- **What you will do**:
No pictures, nothing altered: return the data below.

- **Data below**:
· · ·
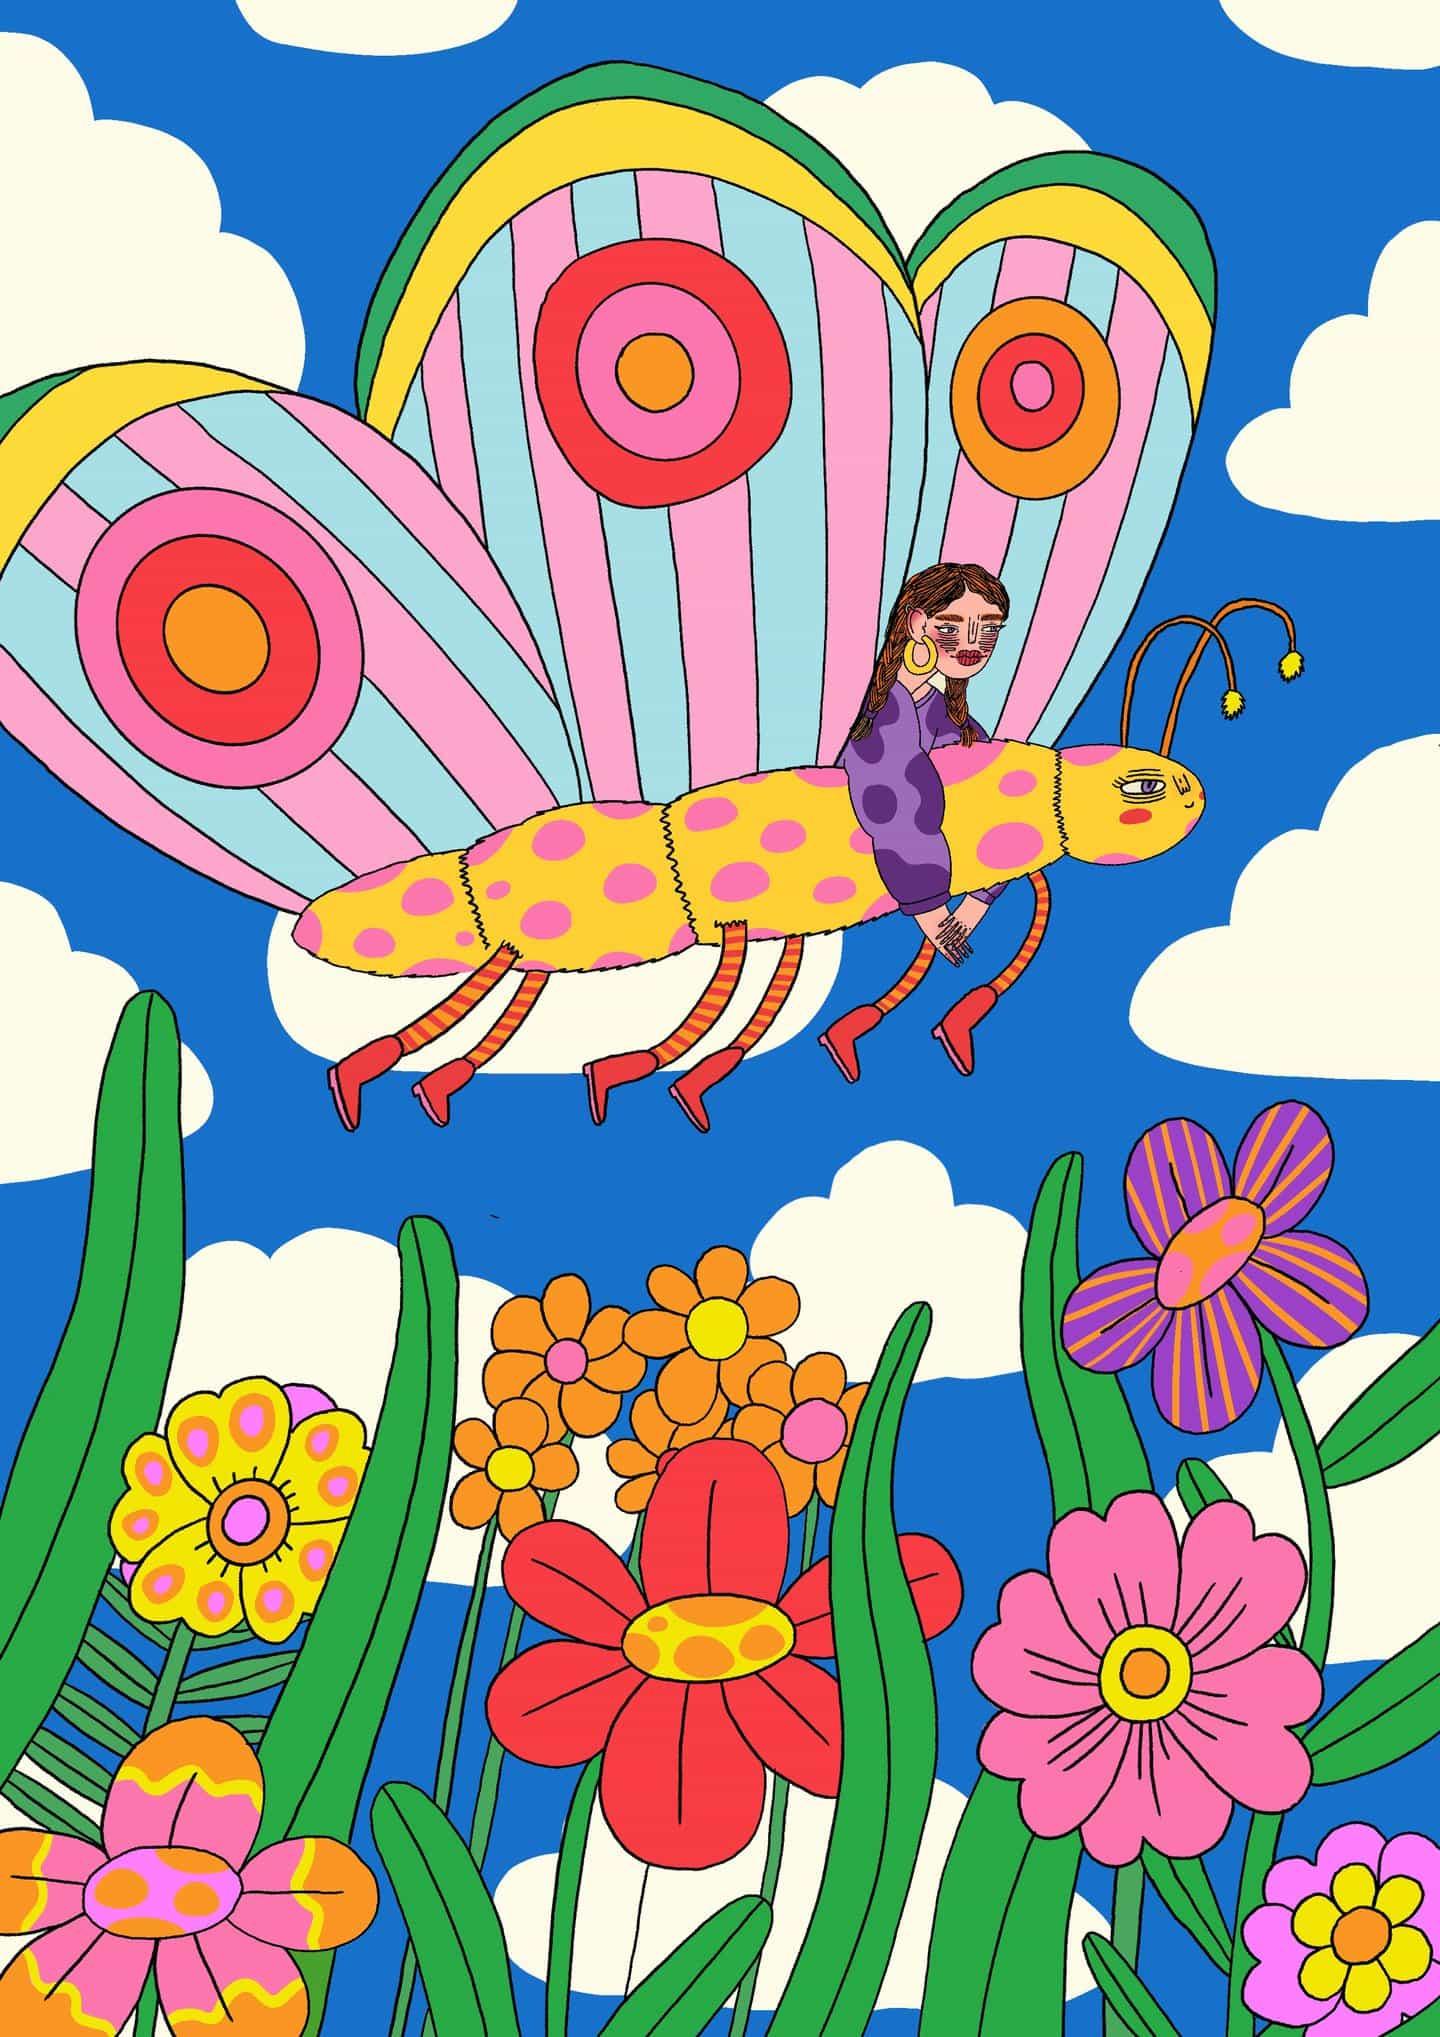 Ilustraciones de Doolittle (Eliza Williams): Butterfly pal (Copyright © Doolittle Illustrations, noviembre de 2020)
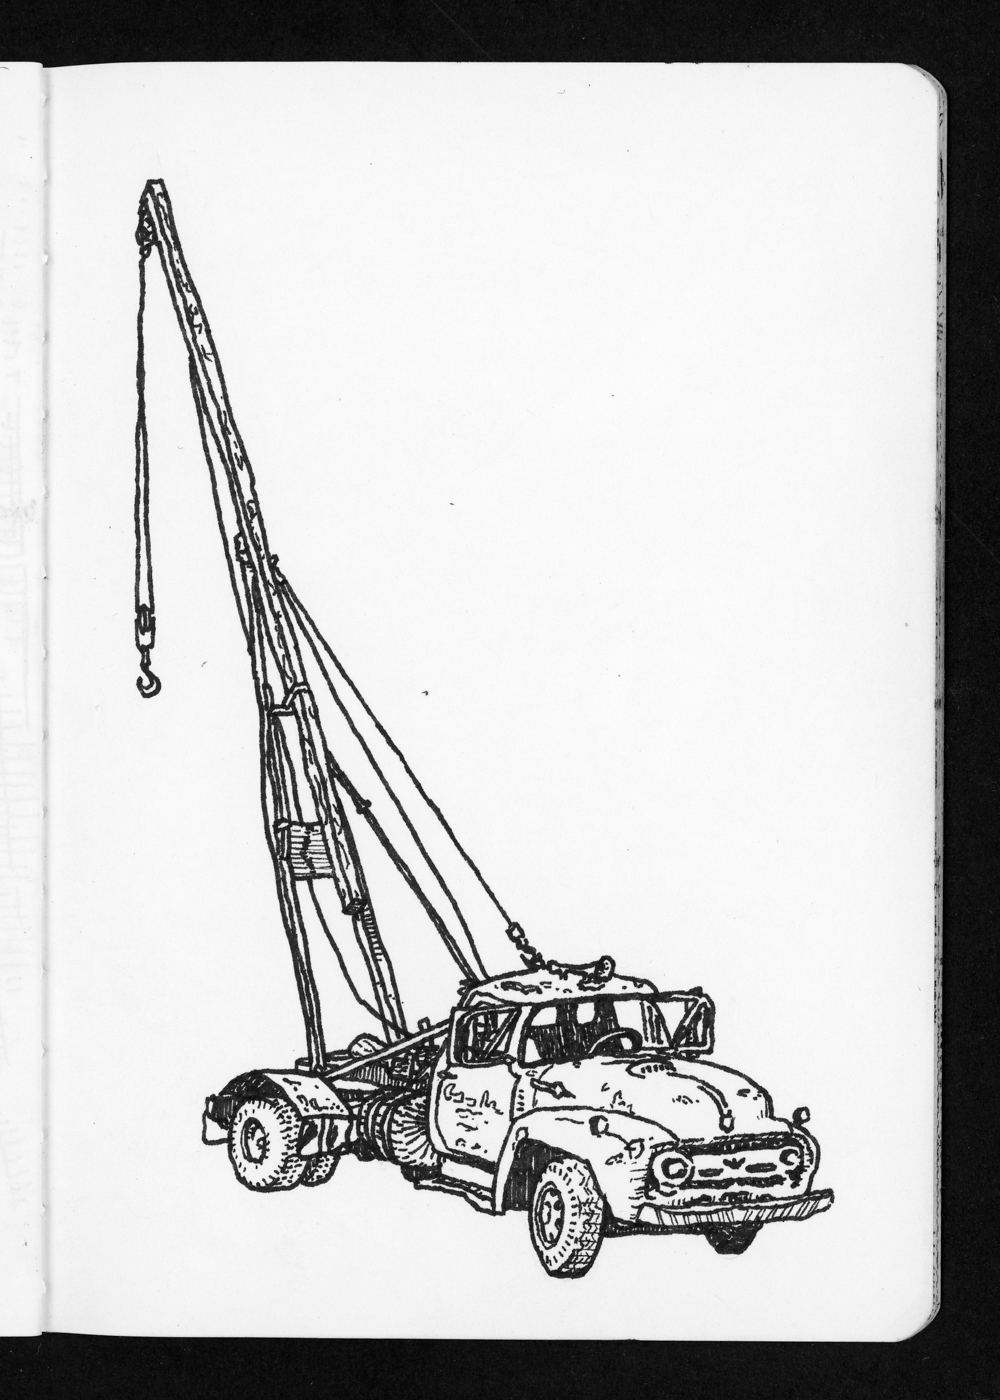 05-18 Old tow truck in Peshastin WA.jpg
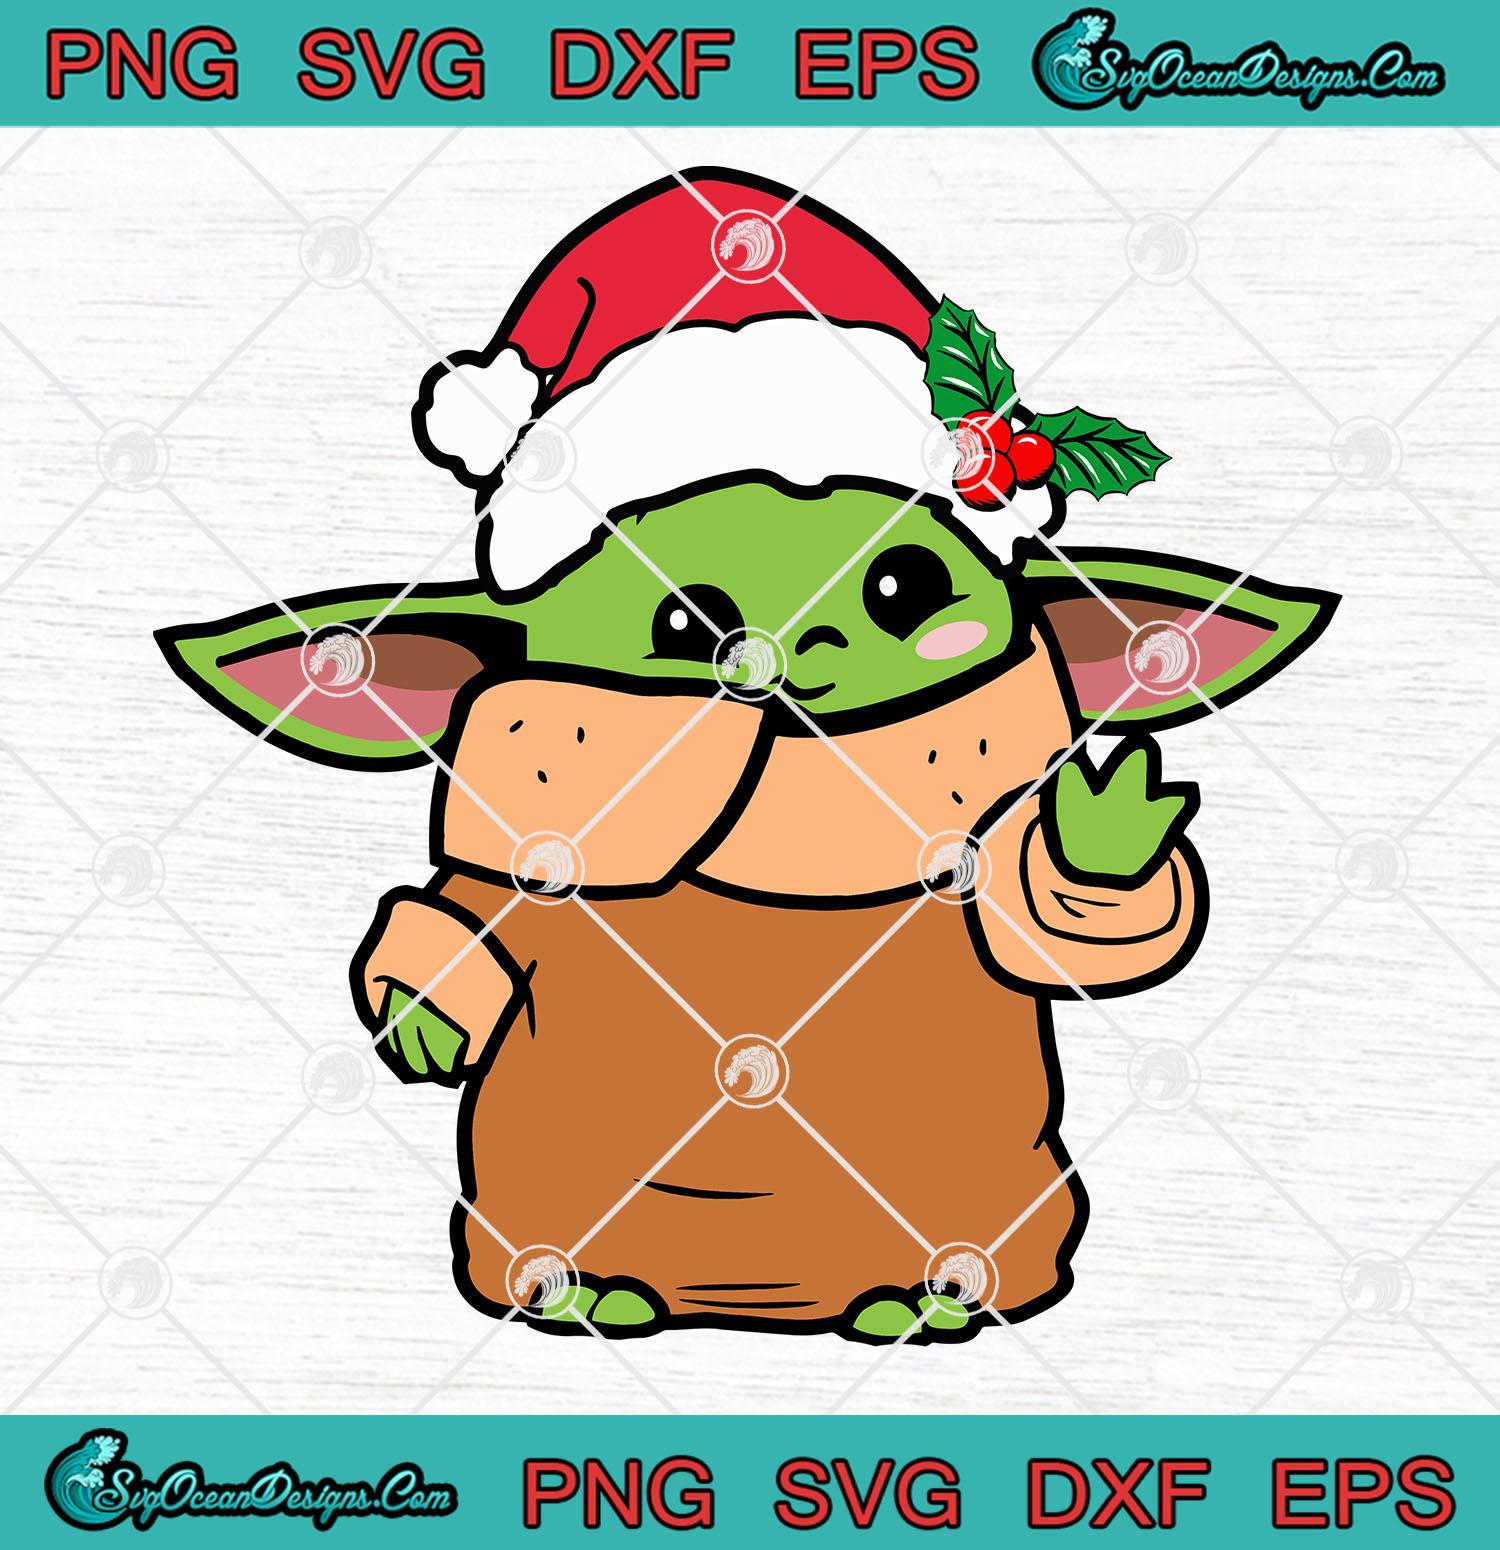 Baby Yoda Christmas Star Wars The Mandalorian Svg Png Eps Dxf The Child Christmas The Mandalorian Svg Png Designs Digital Download
· · ·
- **Your response**:
 Ilustraciones de Doolittle (Eliza Williams): Butterfly pal (Copyright © Doolittle Illustrations, noviembre de 2020)
 05-18 Old tow truck in Peshastin WA.jpg
 Baby Yoda Christmas Star Wars The Mandalorian Svg Png Eps Dxf The Child Christmas The Mandalorian Svg Png Designs Digital Download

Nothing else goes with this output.